Royal Regiment of Fusiliers

The Ordnance Regiment – Better known as the Royal Fusiliers

Prior to the creation of a “standing” army in the United Kingdom,  Regiments were raised for specific purposes by a commission from the King.  There did. However, exist an organisation which had the responsibility for the care, maintenance and issuing weapons and armour to those forces that the Crown saw fit to raise.  That was the Board of Ordnance.  The weapons and material that it had under its control was marked by a “Broad Arrow” which pointed up between a “B” and an “O”

Board of Ordnance Broad Arrow

Board of Ordnance Broad Arrow

According to Cleaveland’s  “Notes on the Early History of the Royal Regiment of Artillery”, the origin of the “Broad Arrow” was the Crest of the Board of Ordnance.  This was the “Thunderbolt of Jove” – a bundle of arrows in a clenched fist.  Obviously, this could be easily marked upon a “Great gun” bu not so easily on a pike head.  Hence the “Broad Arrow” which, when practical had the B and the O either side.  He also maintains that the expression of “Broad Arrow” is a corruption of the original “Board’s Arrow”.  In more recent times the B & O were replaced by the W & D of the War Department .

The Board of Ordnance was formally implemented in 1683,  to become responsible for “preserving the state of our artillery, munitions, arms and all other habiliaments and equipage belonging to our Magazine Royal” and the duties of the various officers were formulated.  By today’s terms, the Board was a combination of the Royal Artillery, Royal Logistical Corps and the Royal Engineers, with a bit of infantry and the Royal Navy’s guns and gunners thrown in.
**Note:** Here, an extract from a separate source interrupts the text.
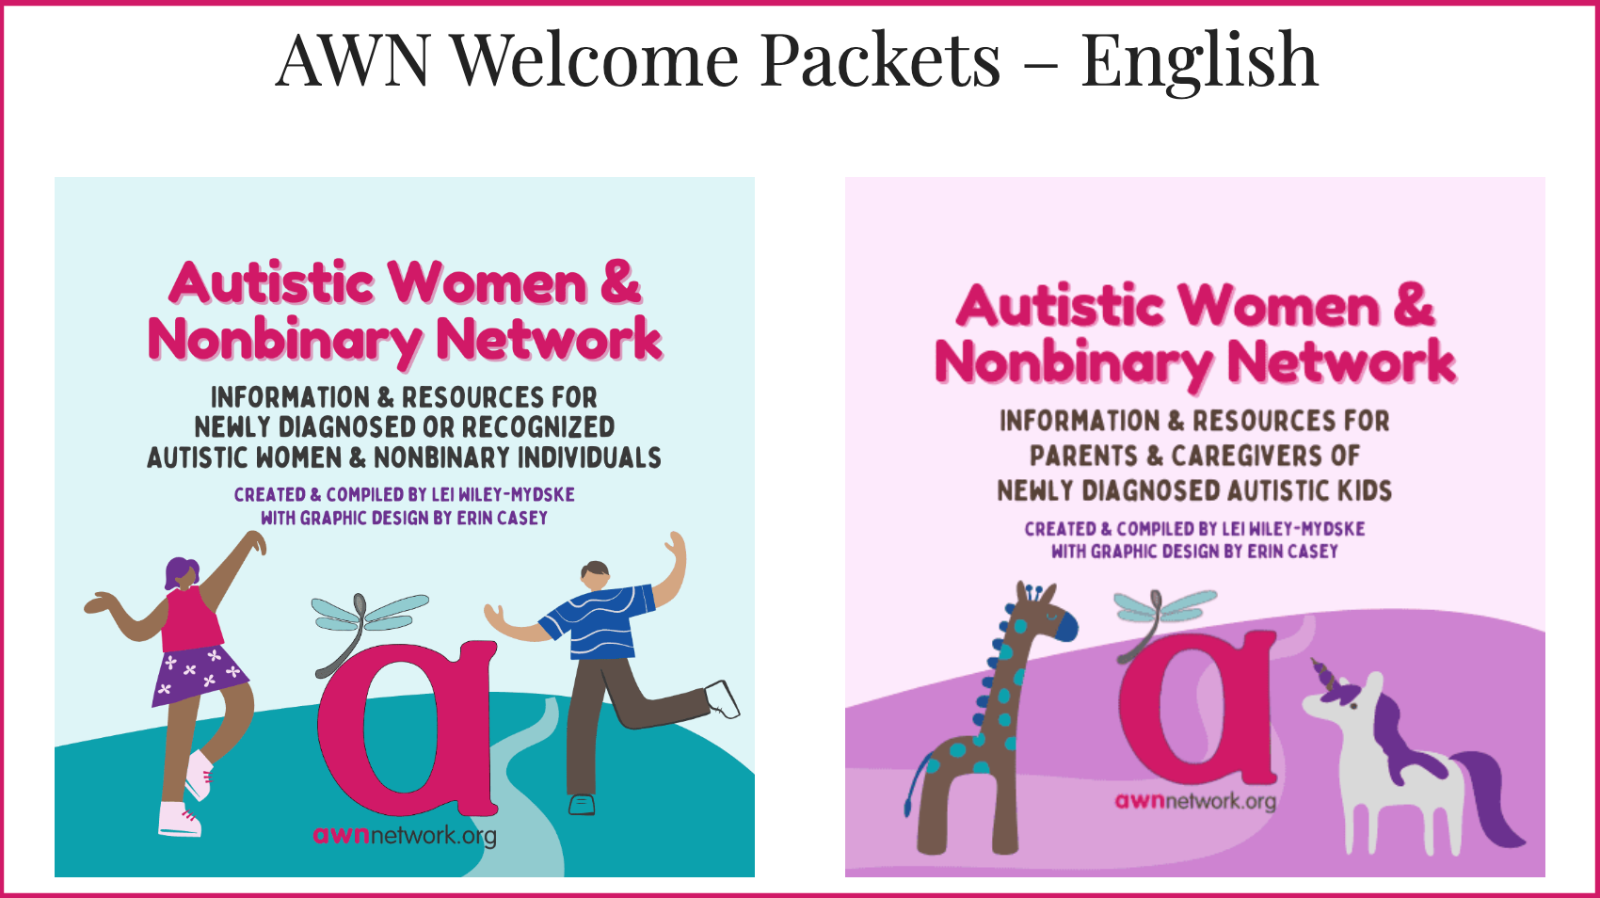 AWN Welcome Packets – English. Left image has illustration of 2 dancing people with text 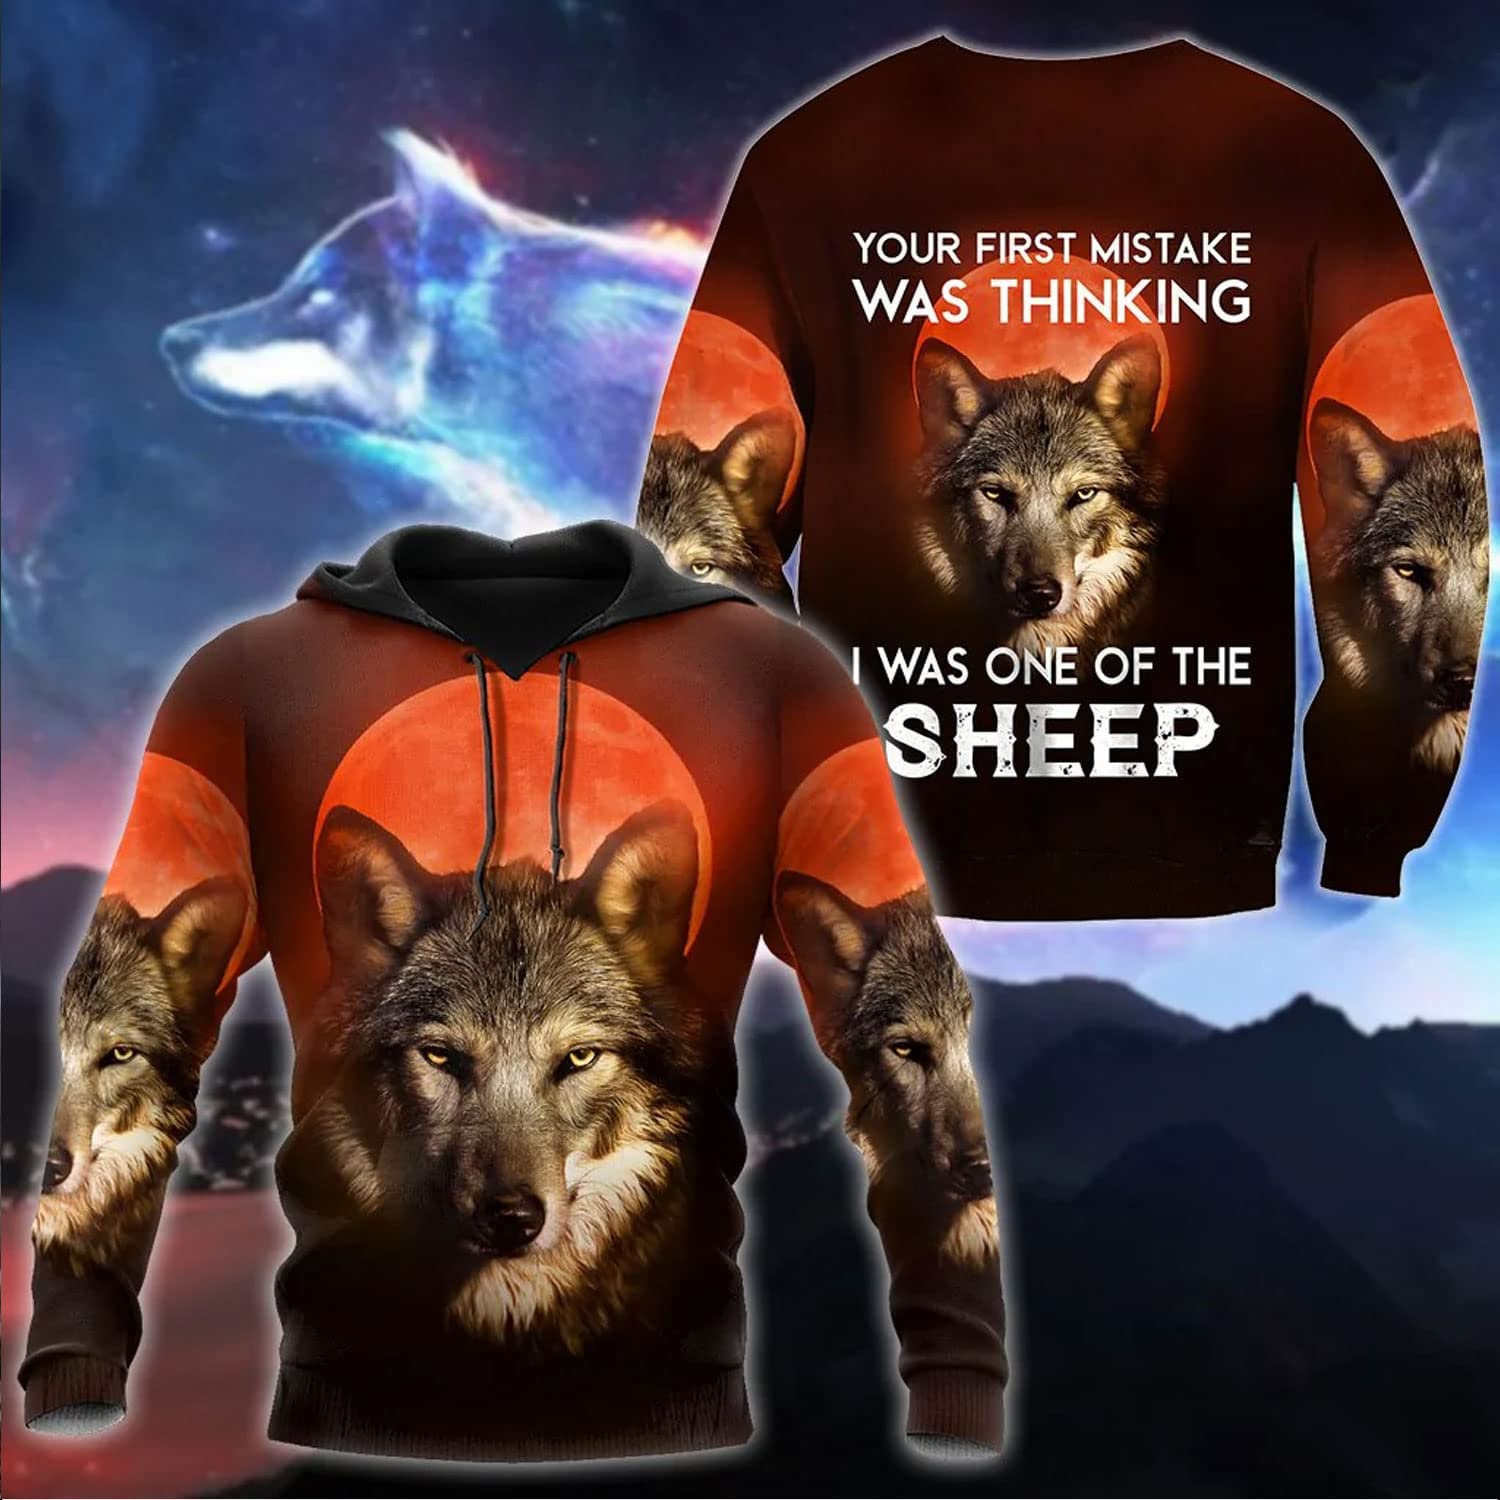 The Insane Red W.o.l.f 3D Hoodie with All-Over Print, Perfect for Wolf Lovers in Winter, Ideal Gift for Hunting Enthusiasts and Family, Available as Pullover Hoodie, Hawaiian Shirt, and Sweatshirt. – JOT1506

In 1685, with the Duke of Monmouth’s Rebellion, Charles II recalled a number of infantry regiments from service in the Low Countries and also formed an Ordnance Regiment  or the care and protection of the guns.  It was to be called the Royal Regiment of Fusiliers and was to consist of 12 companies  of fusiliers and one company of miners.  Because it was not, strictly speaking,  an infantry regiment, or regiment of foot,  it would not have company colours (ensigns) and therefore its commissioned officers would be 1 captain and two Lieutenants per company.  The Lieutenants were to be paid the same but were to be termed the “First” Lieutenant and the “Second” Lieutenant rather than Lieutenant and Ensign.

Regular regiments of foot, of that era, consisted of companies of Musketeers (armed with muskets and swords), Pikemen (long pikes and swords) and Grenadiers (Hand grenades, muskets, bayonets, swords and hatchets). However, the private men of the Ordnance Regiment were to be armed with a “fusil” (a “snap-hance musquet with a bright barrel of three feet eight inches long) as well as a bayonet and sword; hence “Fusiliers”.  The Fusiliers were not to man the guns, instead each gun had a crew of two gunners and a matrosse and were employed directly by the Board.

The Royal Fusiliers were raised in London, with two of the companies being old established independent companies from the Tower of London.  And while the regiment was formed quite quickly, the Monmouth was in custody and the rebellion was over even more quickly swiftly, so it did not see any service then.  In 1688, during the Glorious Revolution”, several companies saw service as marines with the Royal Navy and, with the accession of William and Mary to the throne, the Royal Fusiliers were considered a regiment of foot rather than an Ordnance regiment, even though it continued to operate without companies of pikemen but remained entirely armed with Fusils.